Note that $$|f(x) - f(1)| = |\sum a_v x^v - \sum a_v | < \epsilon$$ whenever $$|x-1| < \delta$$.

This is precisely the statement: $$\lim_{x \rightarrow 1^-} \sum_{v=0}^{\infty} a_v x^v = \sum_{v=0}^{\infty} a_v$$. QED.

The proof seems bullet-proof to me, but what bugs me is that I didn't use the fact that the a_v are positive, so there must be something wrong with the proof...

2. Aug 14, 2009

Billy Bob

What theorem are you using to justify this (i.e., what is its exact statement)?

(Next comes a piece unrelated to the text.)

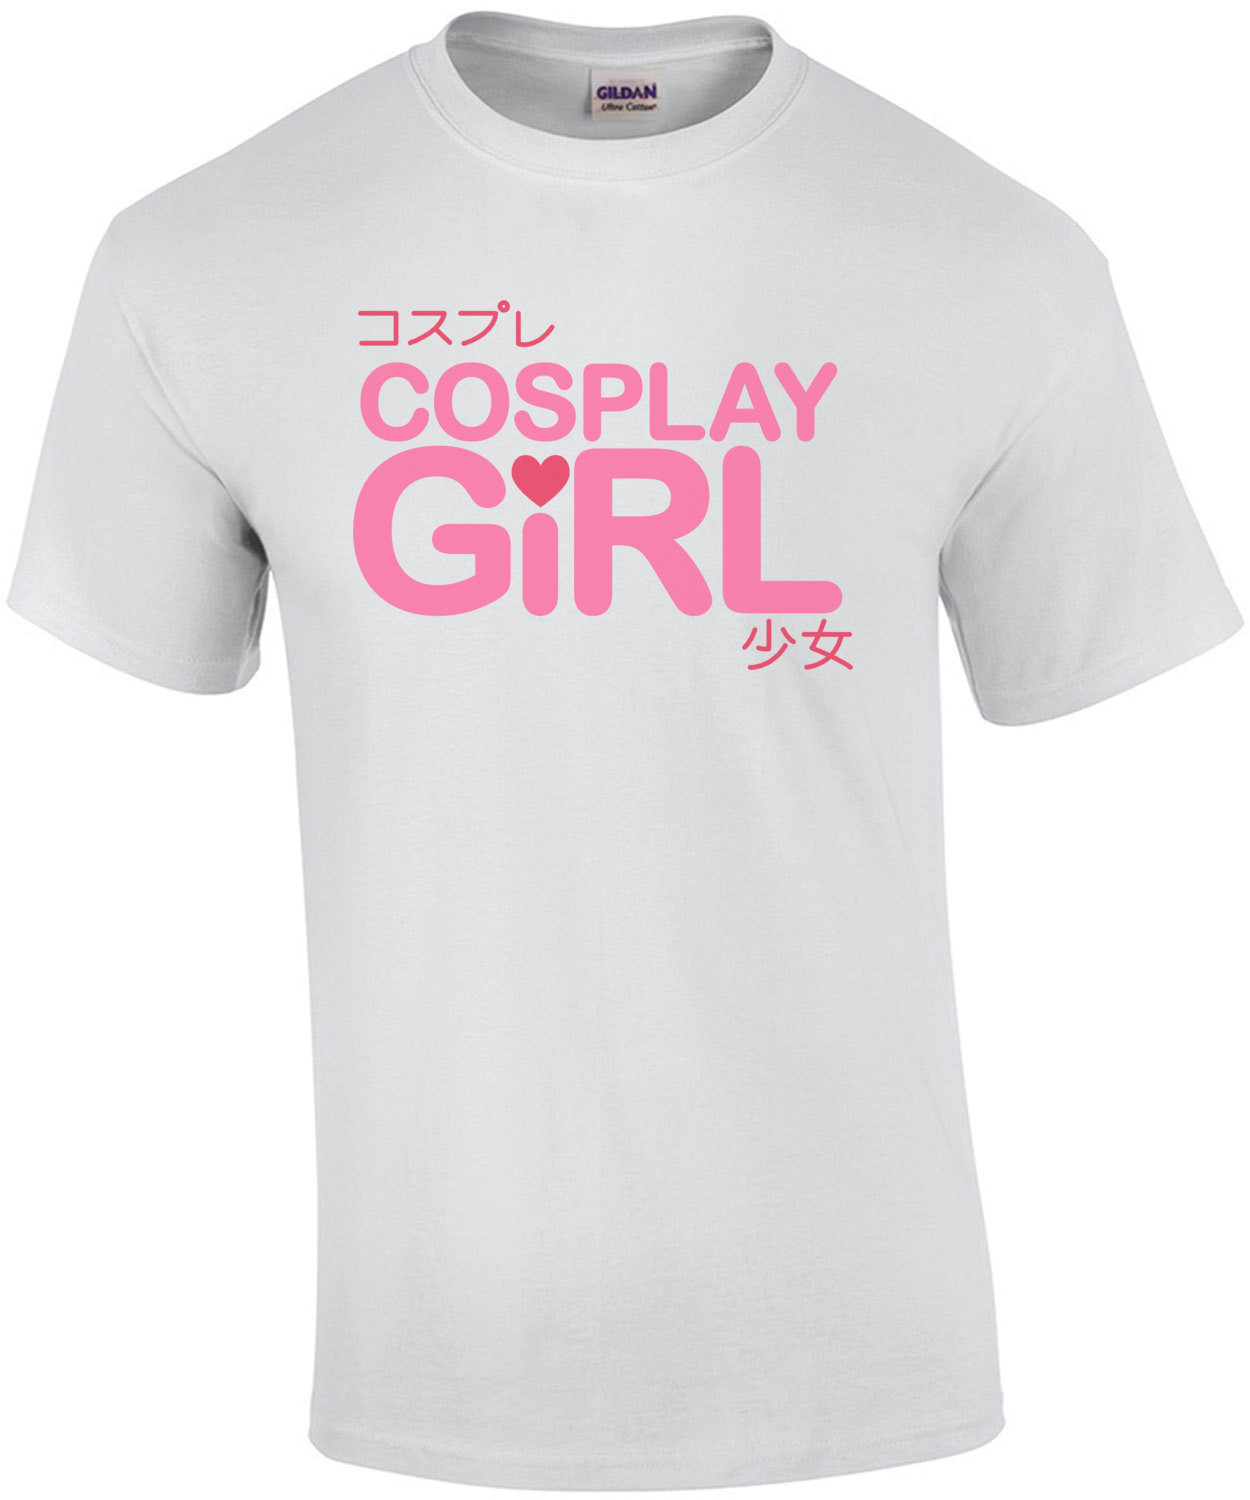 Cosplay Girl T-Shirt
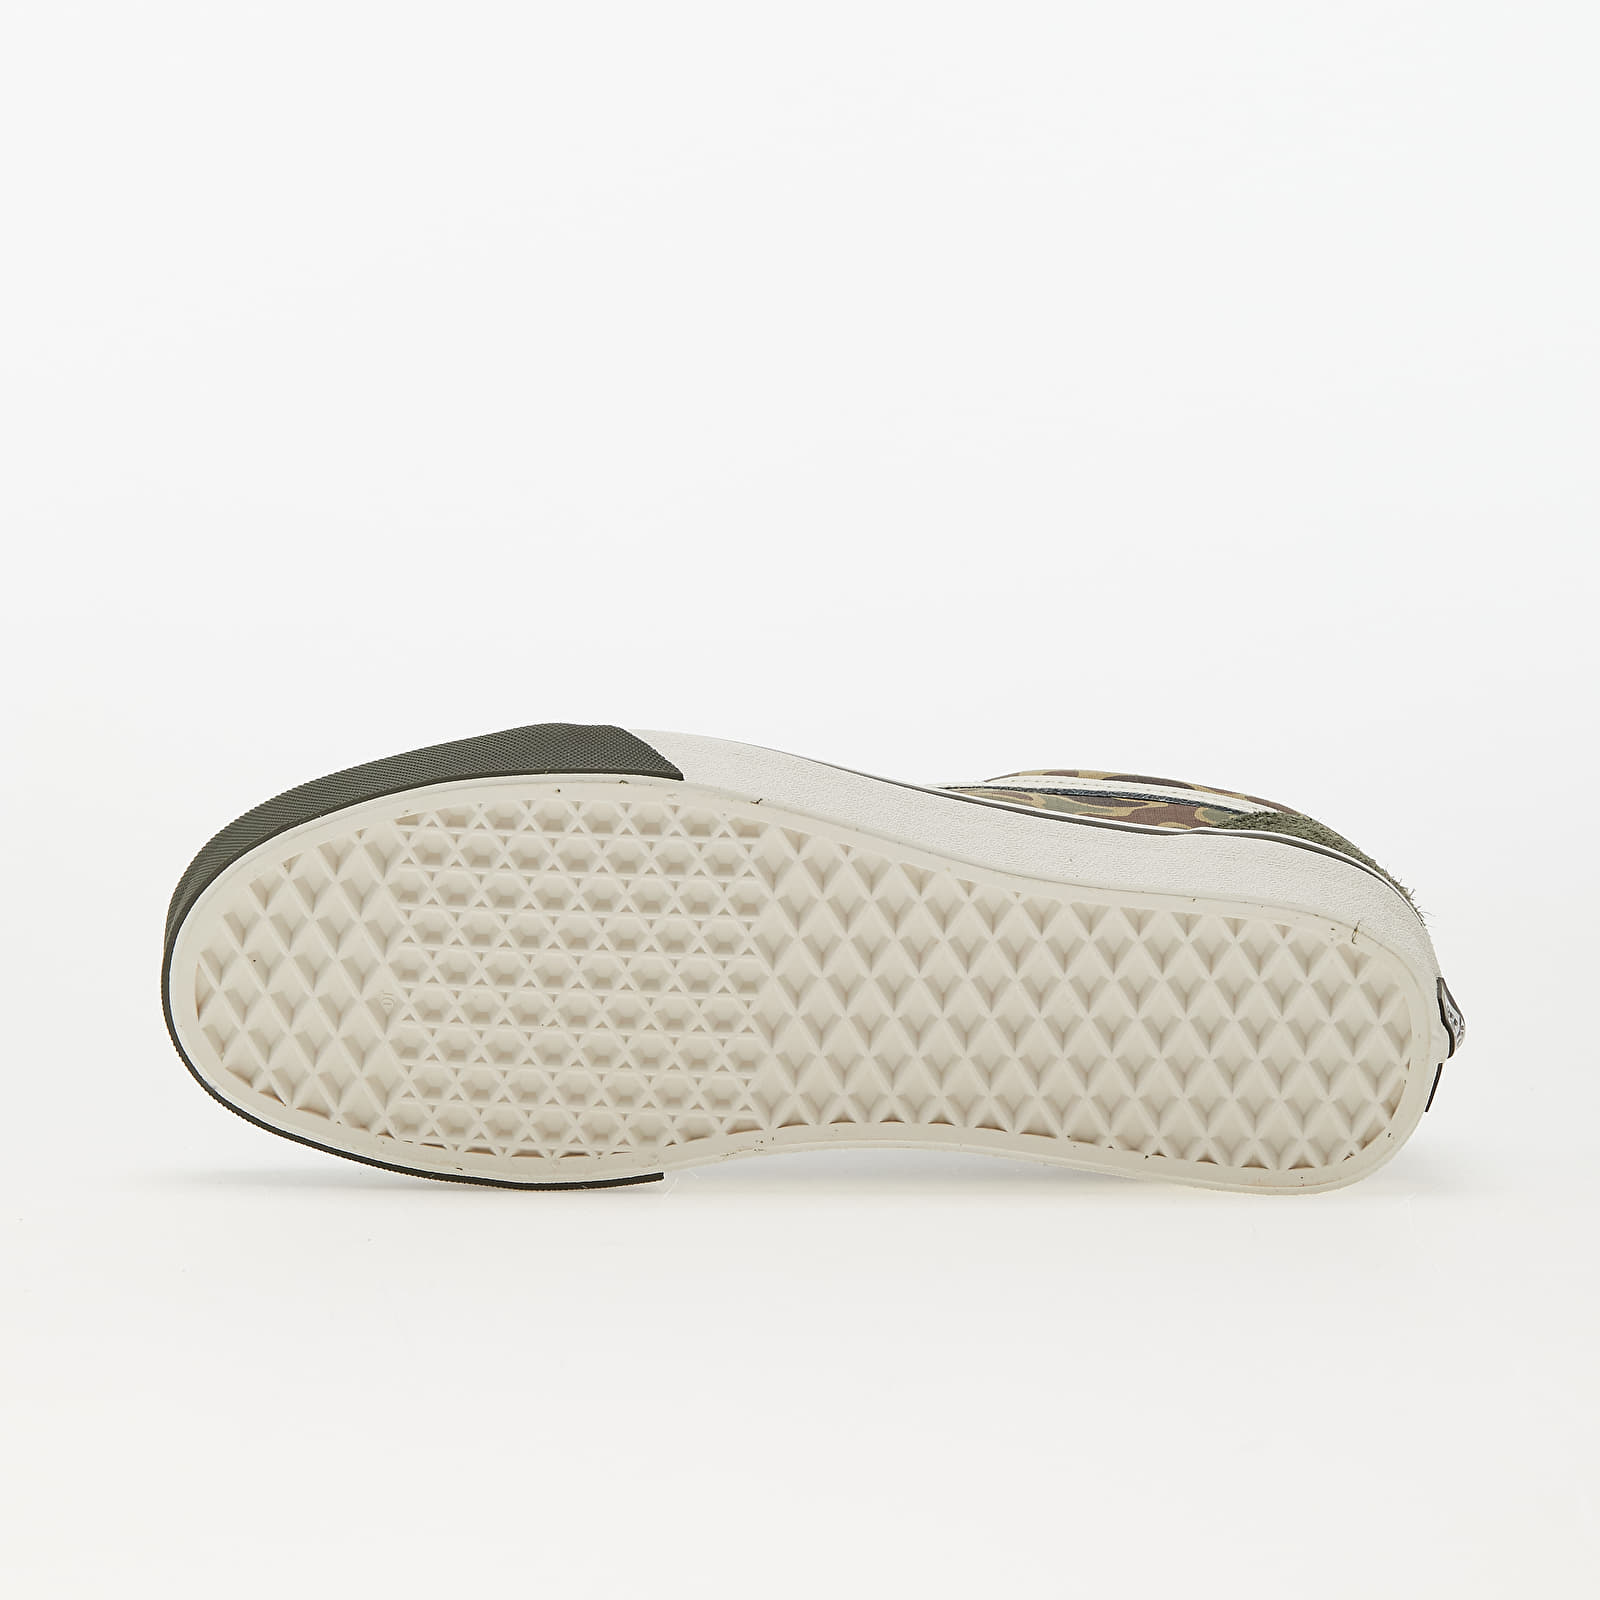 Men's shoes Vans Old Skool Grape Leaf/ Marshmallow | Queens

I don't see how this problem can be solved without quoting Abel's Theorem, or essentially reproducing its proof. (Also, by Abel's Thm, a_v>0 is not required.)

3. Aug 14, 2009

JG89

Yeah I realized the mistake I made. I have a theorem in my book stating the uniform convergence for |x| < 1, but I can't say that it is uniformly continuous at 1, I would have to use Abel's theorem. But I found another way to solve the problem. Thanks

EDIT: The exact statement of the theorem I'm using: "If a power series in x converges for a value x = c, it converges absolutely for every value x such that |x| < |c|, and the convergence is uniform in every interval |x| <= N, where N is any positive number less than |c|. Here N may lie as near to |c| as we please.

Just a quick question, do we ever talk about uniform convergence in open intervals? Or must we mark off some end points so that we can take off a closed interval?

Last edited: Aug 14, 2009
4. Aug 14, 2009

fmam3

An example of a function with uniform convergence on an open interval (i.e. all of $$\mathbb{R}$$) is $$\sin(x)$$. This can be easily seen once you know the inequality $$|\sin x - \sin y| \leq |x - y|$$ for all $$x,y \in \mathbb{R}$$.